Never said that someone with a degree is more qualified than someone without. But during my job search it appeared that the companies here all required degrees and for them to be notarized/certified. I don't know what that did, but if a company is going to hire you to do a role then they should apply for that visa makes sense, no? If the MOL is the one that is establishing your worth based on your education (which I agree, is dumb), then like I said in the other thread, make sure the contract you sign is for the right position and salary. I think most of the benefits are attached to the position one has in the company and most always the salary you earn. 

I know when I went to apply for my drinking license, I was informed that I had to be a certain level and have a certain salary and since I had it, they accepted the application. Don't know how true that is, but was just stating what I experienced...


----------



## Laowei (Nov 29, 2009)

indoMLA said:


> Never said that someone with a degree is more qualified than someone without. But during my job search it appeared that the companies here all required degrees and for them to be notarized/certified.

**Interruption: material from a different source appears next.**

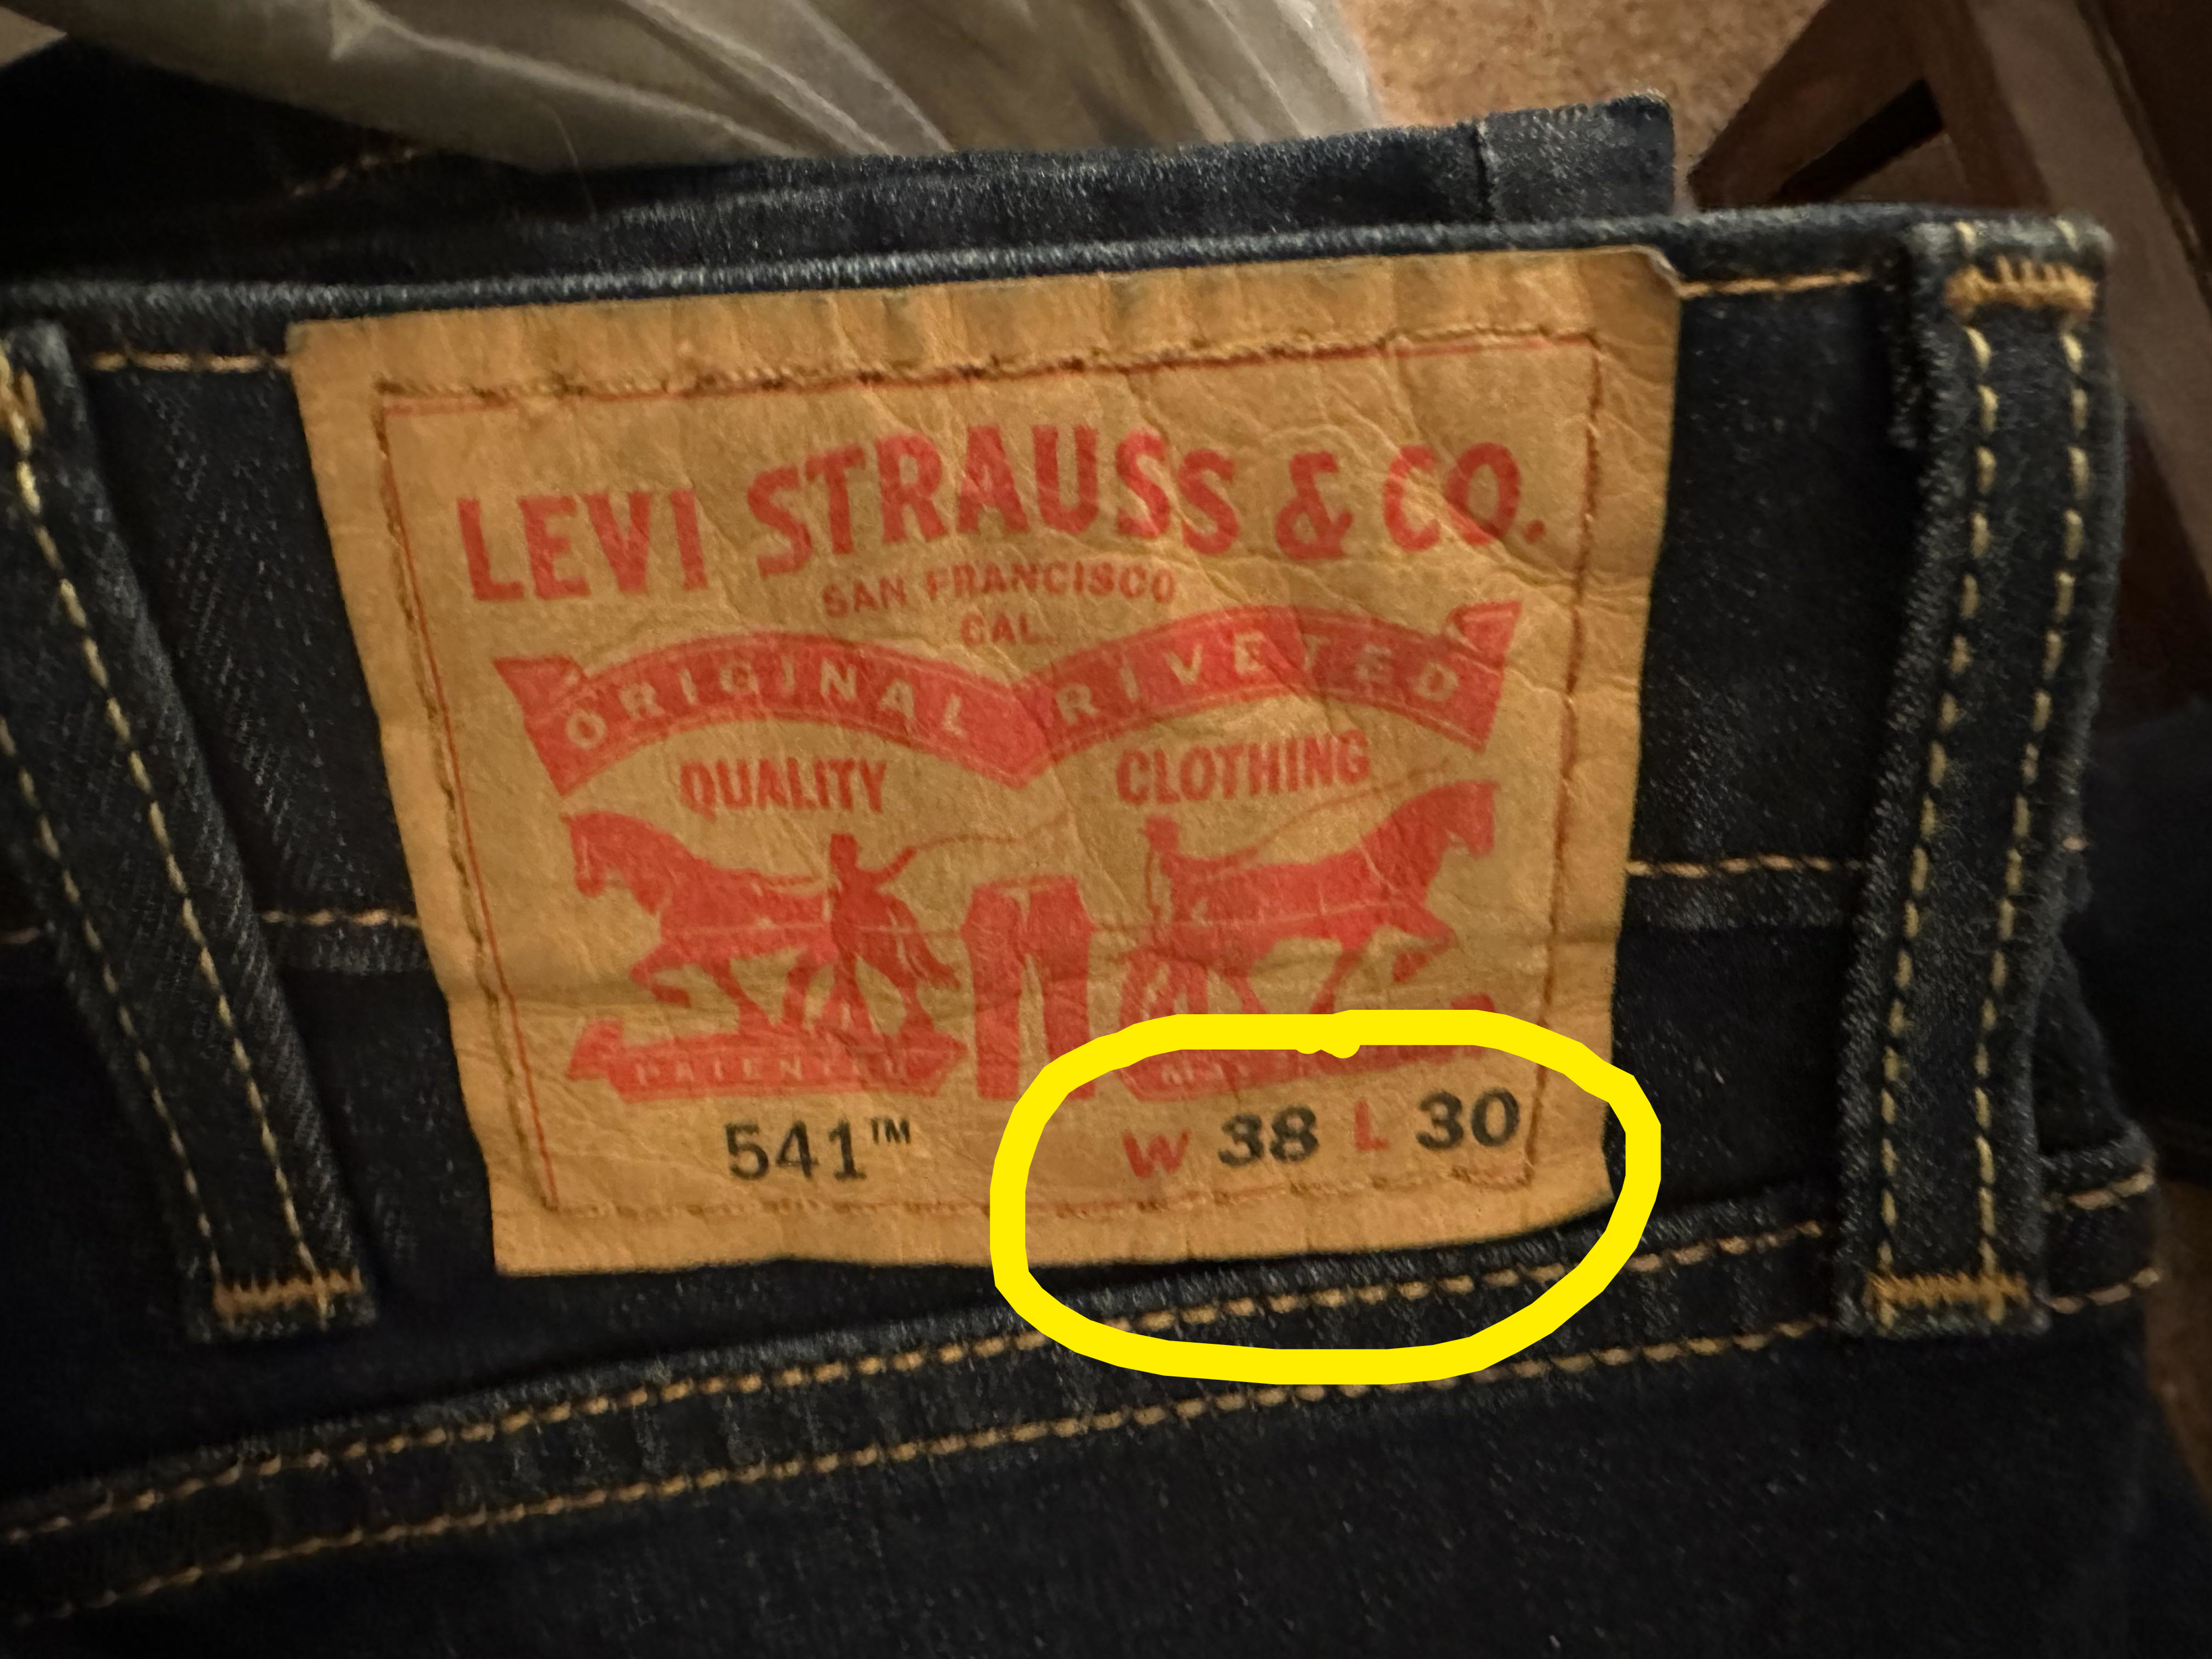 Levi Strauss &amp;amp; Co. brand label on jeans with size and model information

I don't know what that did, but if a company is going to hire you to do a role then they should apply for that visa makes sense, no? If the MOL is the one that is establishing your worth based on your education (which I agree, is dumb), then like I said in the other thread, make sure the contract you sign is for the right position and salary. I think most of the benefits are attached to the position one has in the company and most always the salary you earn.
> 
> I know when I went to apply for my drinking license, I was informed that I had to be a certain level and have a certain salary and since I had it, they accepted the application. Don't know how true that is, but was just stating what I experienced...


To be fair my experience for both jobs here was that i was headhunted so wasnt applying for the positions, but was recommended for them. Both positions did require high level degrees, but they were more interested in my experience than qualifications so wasnt an issue, just make sure your resume is good if you have the experience.

Regarding drink license its true both your level of spend per month and the acceptance to get one is based on your salary with a max of 1500aed


----------